J'ai regardé récemment deux films de Mike Leigh réalisés pour la BBC. Il y aura certainement des liens à faire avec ce qu'Eyquem écrit sur Mr Turner.
Ce sont des films très difficile à appréhender, qui éclairent d'une autre manière les films de Mike Leigh (Another Year et Secret and Lies) que j'ai pu voir.
Ces deux films de la BBC que j'ai regardés sont Home Sweet Home (1982) et Hard Labour (1973).
On retrouve dans ces deux films télés la manière dont ML construit ses personnages. Ainsi, Mary, Ronnie et Ken, de Another Year, semblent les cousins des postiers et de leurs femmes, de Home Sweet Home.
La peinture de ces gens est âpre, parfois presque animalière, non caricaturale ou typique, plutôt profonde, comme on dit d'une entaille qu'elle est profonde. Les visages, les corps, les manières, les caractères sont appuyés, tracés violemment et avec force, douloureusement, de sorte que les personnages dévient peu de leur ligne. Le temps, les maladies, les tics déforment, reforment, modèlent profondément. Il est difficile de trouver ces personnages aimables, bien sûr, ni sympa, ni rien, en fait. Ce n'est pas du tout ce qui intéresse Mike Leigh, de faire aimer ses personnages, quelle idiotie. Ce qui est sous-jacent, c'est la manière dont la vie compresse certaines personnes, réduisant leur mode d'action, leur monde, leurs possibilités. Le travail, le couple, la misère. Le personnage principal de Hard Labour, Liz Smith, quelle est-elle ? Une idiote absolue, une simple d'esprit ? Faible et incapable d'autre chose que d'accepter la violence d'autrui sans la voir même ? Ou bien un esprit simple au contraire, une croyante qui prend la vie pour ce qu'elle est et dont la placidité serait une forme d'amour ? Ni l'une ni l'autre peut-être, mais une femme usée, détruite, malade, rendue esclave par la vie, bonne pourtant mais sans arme, sans possibilité d'action, sans levier. Ou encore autre chose.

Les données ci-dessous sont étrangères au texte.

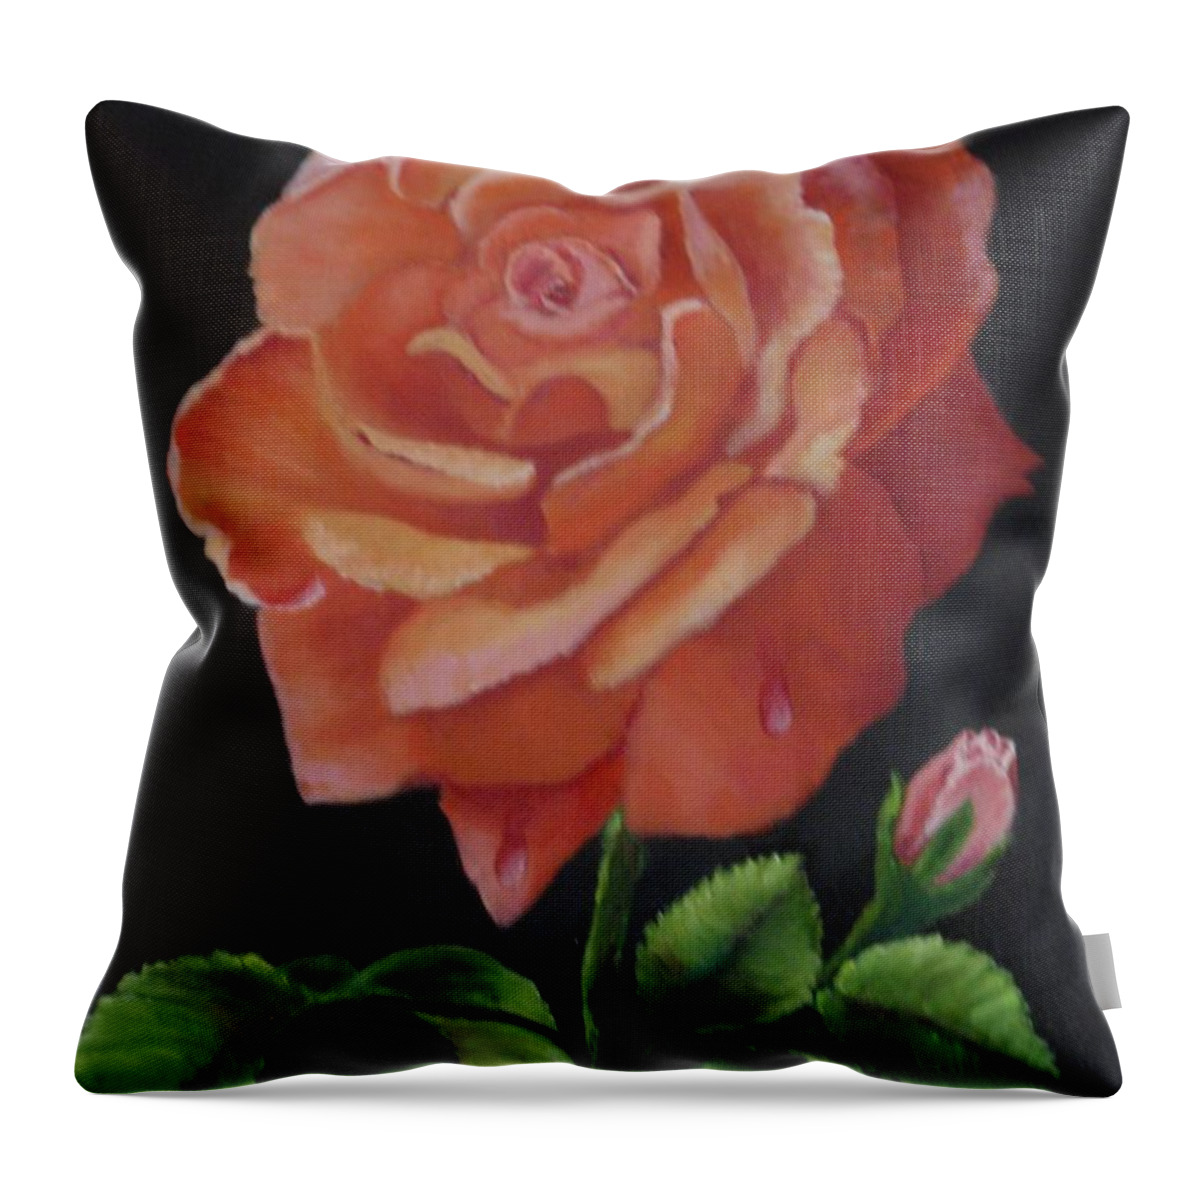 Red Rose Throw Pillow featuring the painting American Rose by Janis Tafoya

On a parfois envie d'envoyer bouler les films et leurs personnages. Des êtres méchants, bourrés de tics insupportables, qui ne savent, dans un couple, qu'hurler sur leur conjoint, qui se trompent, vivent des vies mesquines et étriqués.
Puis on se prend à ressentir une empathie démesurée à leur égard, empathie devant le manque, le vide, la misère dont on sait très bien qu'ils ne sont pas les premiers responsables, s'ils le sont jamais.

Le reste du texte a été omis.